Briefly

    University calls service strike illegal

    In an e-mail message sent to campus personnel, Assistant Vice Chancellor of Human Resources Rogers Davis said the university considers the one-day service strike scheduled for April 14 to be “illegal.”

    “The university Office of the President has stated that the strike will be illegal, because the university and [the American Federation of State, County and Municipal Employees] have not yet completed the statutorily mandated impasse process,” he stated in the e-mail. “The university also believes that AFSCME has failed to participate in the impasse process in good faith and has advised the various unions of its position on this matter.”

    Rogers said that all picket lines are “expected to be peaceful demonstrations,” asking employees to call ahead of time to alert their supervisor of a planned absence. Employees claiming an absence due to illness will be required to provide medical documentation upon their return or risk not getting paid, the e-mail stated.

    In a response sent out by e-mail to fellow union members and forwarded to the press, UCSD library employee Glen Motil said the letter was filled with “disrespect, disdain and disregard” and that the new sick-leave policy constituted “petty distrust” and “overreaching of authority.”

    “Picket lines and demonstrations are not ‘peaceful,’” Motil stated in an e-mail. “They are meant to disrupt the common flow of everyday activity and call attention to human rights violations.”

    Software to improve Wi-Fi network handoff

    New software, developed by two UCSD computer scientists, may one day allow for seamless roaming between different Wi-Fi wireless Internet networks.

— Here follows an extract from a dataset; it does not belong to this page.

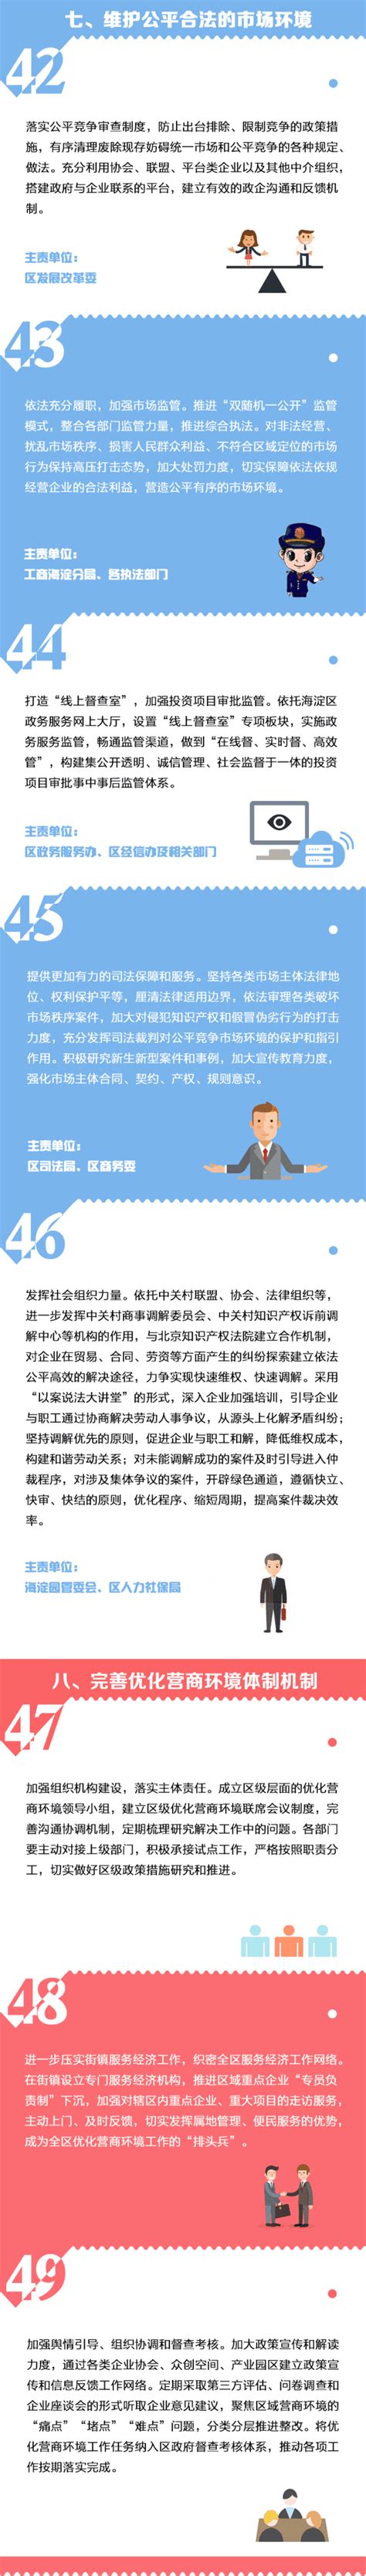 北京海淀区金融企业LOGO设计案例整理分享_空灵LOGO设计公司
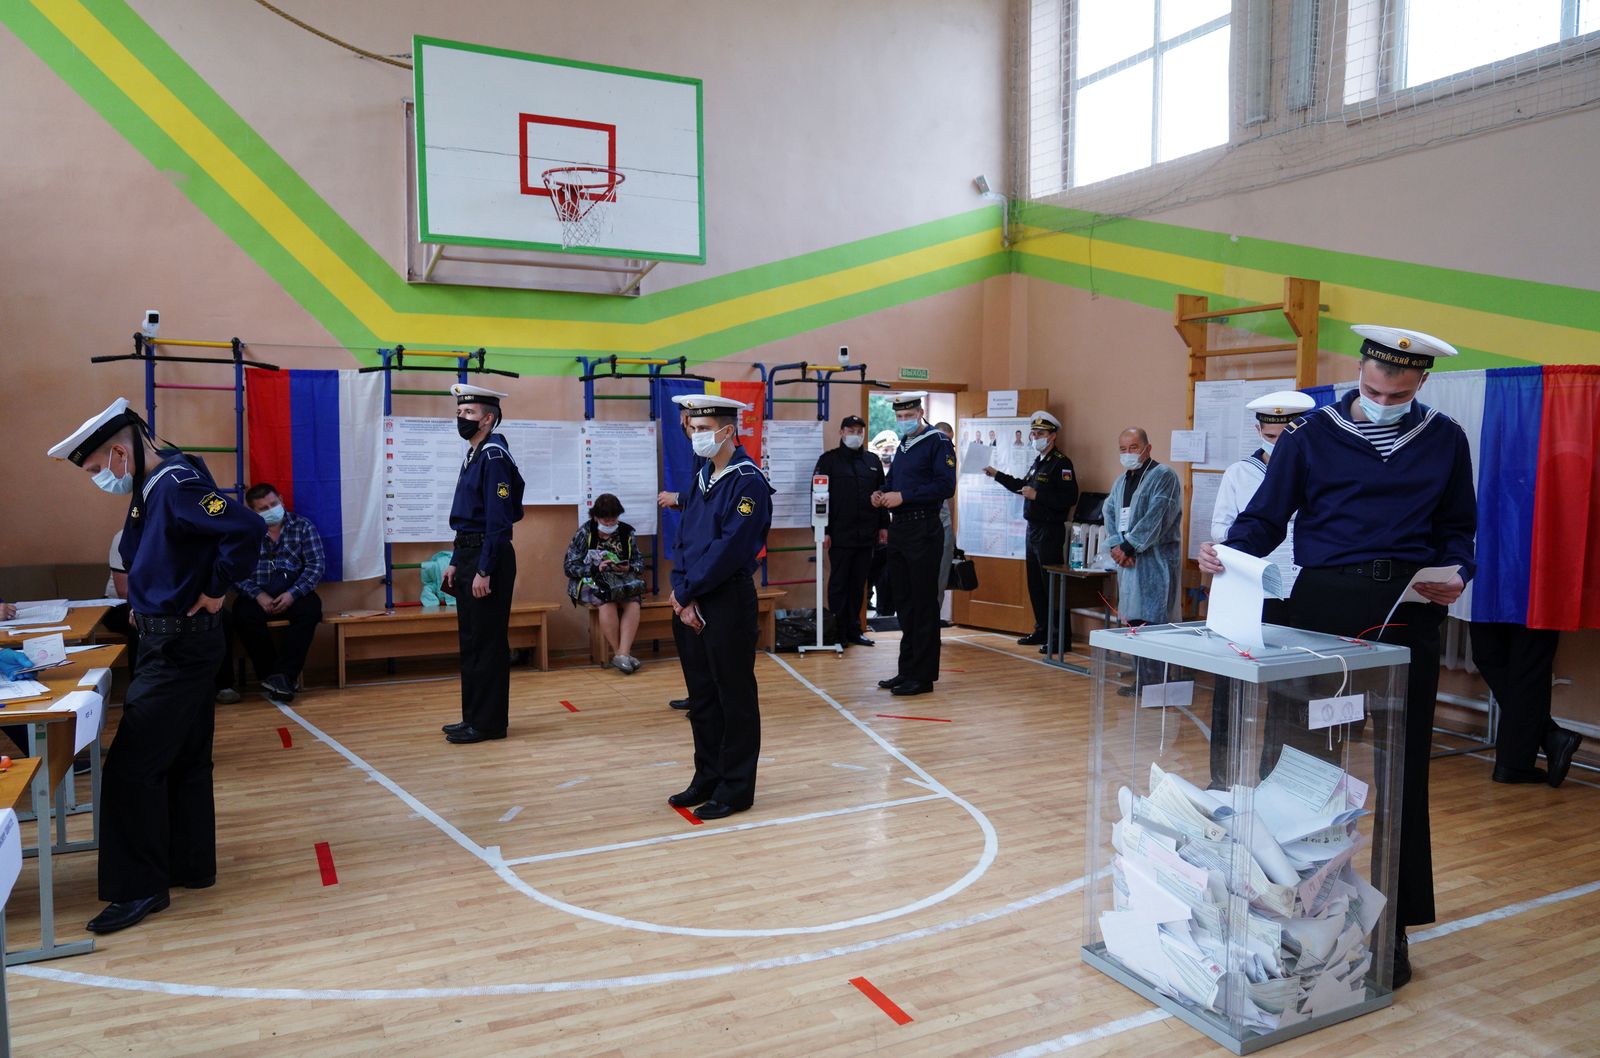 الانتخابات البرلمانية الروسية في منطقة بالتييسك - 17 سبتمبر - REUTERS

The technology may make it possible for users of various wireless devices to remain connected to high-speed networks as they travel from one access point to another — say from an airport lounge to a nearby Starbucks.

    The software dramatically reduces the amount of time needed to hand off from one Wi-Fi network to another, one of the major current barriers to roaming. At the present time, weakening signals far from access points cause Wi-Fi-enabled laptops to lose packets of data. The program, which is patent-pending, would continuously scan surrounding access-points to ensure the fastest possible handoff. Current technology begins scanning only when the present signal is running low.

    Study shows drug may delay Alzheimer’s

    Researchers, including the chair of UCSD’s department of neurosciences Leon Thal, believe that taking the drug donepezil may delay the onset of Alzheimer’s disease in patients suffering from mild cognitive impairment, but provides no long-term benefits, they reported in a new national study.

    First published in the New England Journal of Medicine, the study compared the effects of donepezil, Vitamin E and a placebo. It was the first of its kind to suggest that any agent can delay the diagnosis of the disease. However, the researchers warned that the study “did not provide support for a clear recommendation for the use of donepezil.”

    Eight UC researchers receive fellowship

    Eight University of California researchers have been named among the 30 Pacific Coast recipients of the prestigious Guggenheim fellowships for 2005.

    In total, the New York-based John Simon Guggenheim Memorial Foundation granted more than $7,112,000 in its annual awards to 186 artists, scholars and scientists from the United States and Canada. More than 3,000 researchers vied for the money.

    Political science professor Peter Gourevitch was the only UCSD faculty member to receive the award for his research on financial institutions and corporate governments.

    Job outlook remains strong for grads

    Sixty-two percent of hiring managers included in the most recent job outlook survey by CareerBuilder.com said they were planning to hire recent college graduates and a quarter also said they planned on raising their starting salaries over last year’s. Only 6 percent said they planned to cut salaries.

    The survey, conducted over the previous two months, included more than 600 hiring managers across the nation.

    Overall, 59 percent of hiring managers said they expect to offer less than $30,000, while 26 percent said they plan to pay between $30,000 and $39,000. An additional 10 percent said they expect salaries to range between $40,000 and $49,000, while 6 percent said they would offer $50,000 or more.

    The hiring managers ranked “relevant experience” as the most desirable attribute in new recruits.